A ofensiva militar dos Estados Unidos contra a Venezuela, que teria resultado na captura do presidente Nicolás Maduro na madrugada deste sábado (3), provocou uma onda de manifestações entre parlamentares de Mato Grosso do Sul. As reações variaram entre apoio e crítica, refletindo a polarização política em nível estadual frente a um dos episódios mais impactantes da política hemisférica em décadas.
Celebrando a ação e o fim de um regime
Rodolfo Nogueira
O deputado estadual Rodolfo Nogueira comemorou nas redes sociais a notícia da prisão de Maduro, publicando uma imagem do líder venezuelano supostamente capturado e declarando que o episódio representava a “liberdade do povo venezuelano”. Sua mensagem foi compartilhada com entusiasmo entre apoiadores, reforçando o tom positivo adotado por parte da bancada pró-operção.
Rafael Tavares
O vereador Rafael Tavares (PL), também de Campo Grande, foi outro que celebrou a queda de Maduro. Em suas redes sociais, Tavares ironizou simpatizantes do regime chavista e enfatizou que os responsáveis pelos crimes sob o governo venezuelano “teriam de pagar por tudo”, reafirmando que a prisão do presidente significaria um marco histórico.

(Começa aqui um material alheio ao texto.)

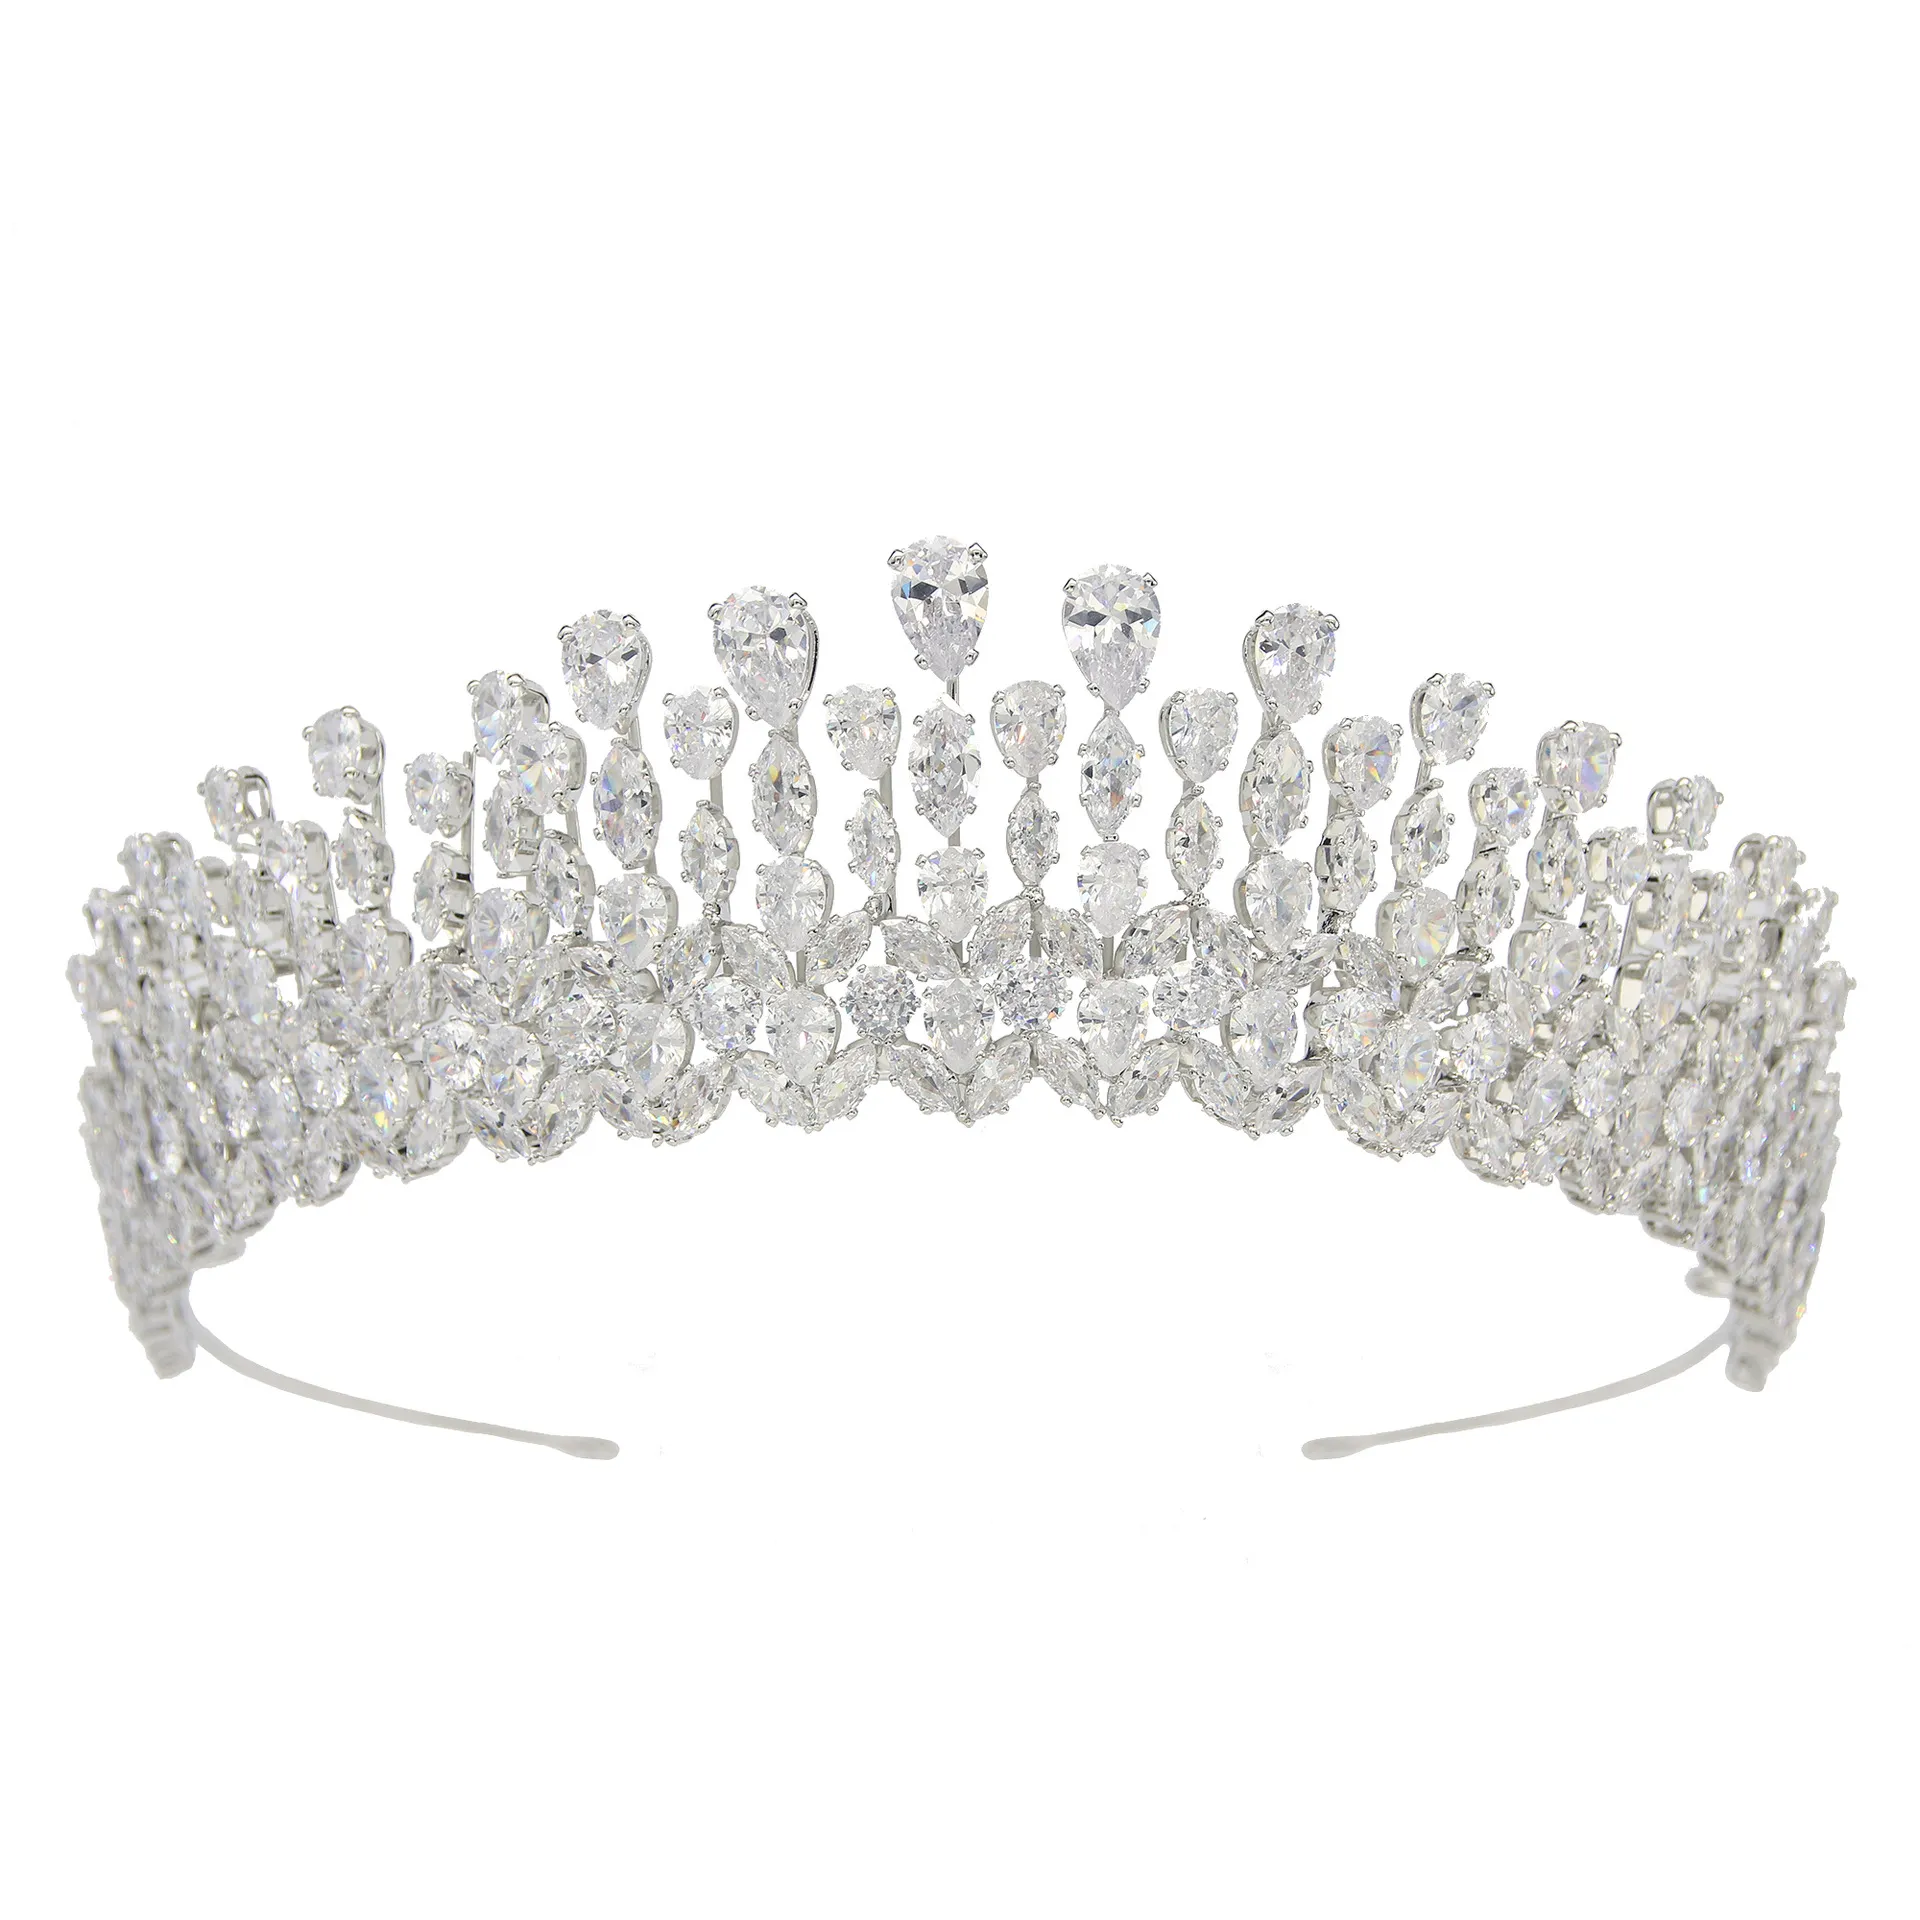 Luxury Bride Headpieces Tiara Crystal Headdress Wedding Hair Accessories Full Zircon Crowns Headband Wedding Jewelry Crowns Headdress For Women CL2105
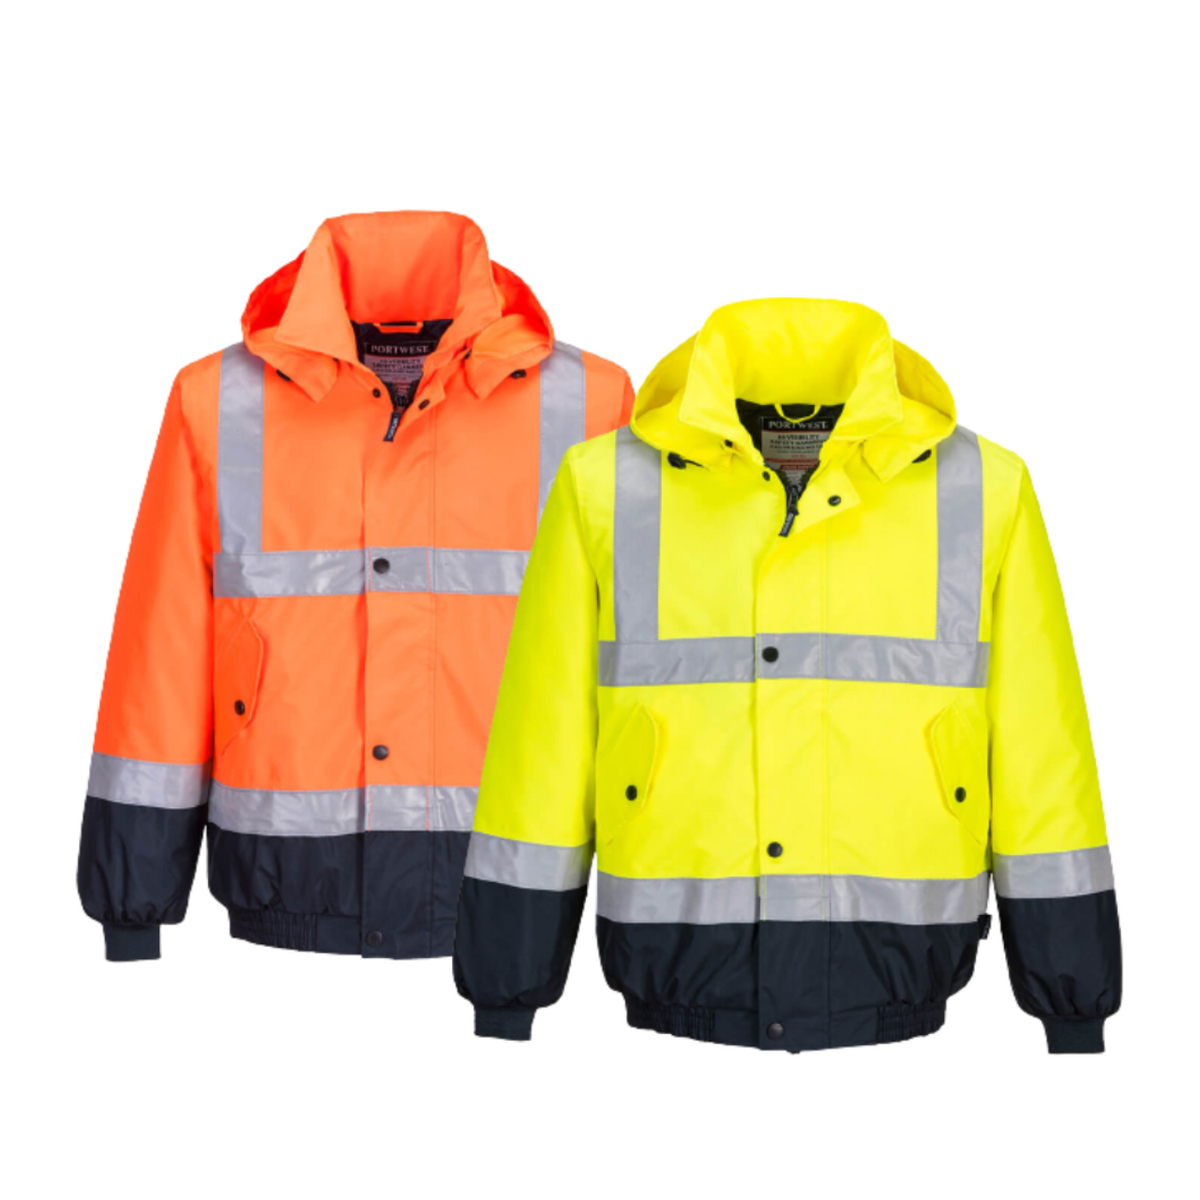 Portwest Hi-Vis Flying Jacket 2 Tone Waterproof Reflective Safety Work MJ204-Collins Clothing Co

Críticas e preocupações de parlamentares progressistas
Gleice Jane
A deputada Gleice Jane (PT) expressou forte crítica à operação, alertando que intervenções estrangeiras violam a soberania dos países e podem gerar instabilidade regional. Para ela, defender a Venezuela diante da ofensiva dos EUA é também reafirmar a autodeterminação dos povos latino-americanos.
Luiza Ribeiro
A vereadora Luiza Ribeiro (PT), de Campo Grande, classificou o ataque como “inaceitável” e um golpe contra o povo venezuelano. Em suas redes sociais, ela enfatizou que a ação militar é uma afronta à autodeterminação e um exemplo de interferência externa indevida.
Outras posições destacadas
Nelsinho Trad
O senador Nelsinho Trad (PSD-MS) abordou a necessidade de debate institucional interno diante da ofensiva. Trad sugeriu a possível convocação de reuniões extraordinárias do Congresso e da Comissão de Relações Exteriores mesmo durante o recesso parlamentar, caso seja necessário discutir mais profundamente os desdobramentos da operação americana.
Tereza Cristina
A senadora Tereza Cristina (PP-MS) usou as redes sociais para criticar a postura do governo federal diante dos acontecimentos internacionais. Para ela, a situação evidencia que o presidente Luiz Inácio Lula da Silva teria perdido influência política na América Latina, inclusive por causa de uma relação que ela qualificou como ambígua com o governo venezuelano ao longo dos últimos anos.
Cenário de debate político em MS
As declarações dos parlamentares sul-mato-grossenses espelham uma divisão ideológica mais ampla no país: de um lado, representantes do Partido Liberal (PL) e aliados apoiam a ofensiva dos EUA e veem na prisão de Maduro um fim simbólico de um regime autoritário; de outro, membros da base governista e de esquerda repudiam a intervenção, apontando riscos à soberania e à estabilidade regional. A proposta de Trad de retomar discussões parlamentares durante o recesso também aponta para a seriedade com que alguns legisladores veem o capítulo internacional.
Impacto político local e futuro das relações
A amplitude das opiniões dos políticos de Mato Grosso do Sul sobre este episódio sugere que a repercussão da ofensiva dos Estados Unidos contra a Venezuela terá efeitos duradouros no debate político doméstico. A diversidade de discursos — de celebrações à convocação de debates urgentes e críticas severas — ilustra como um acontecimento geopolítico pode influenciar diretamente o posicionamento e a agenda dos parlamentares estaduais.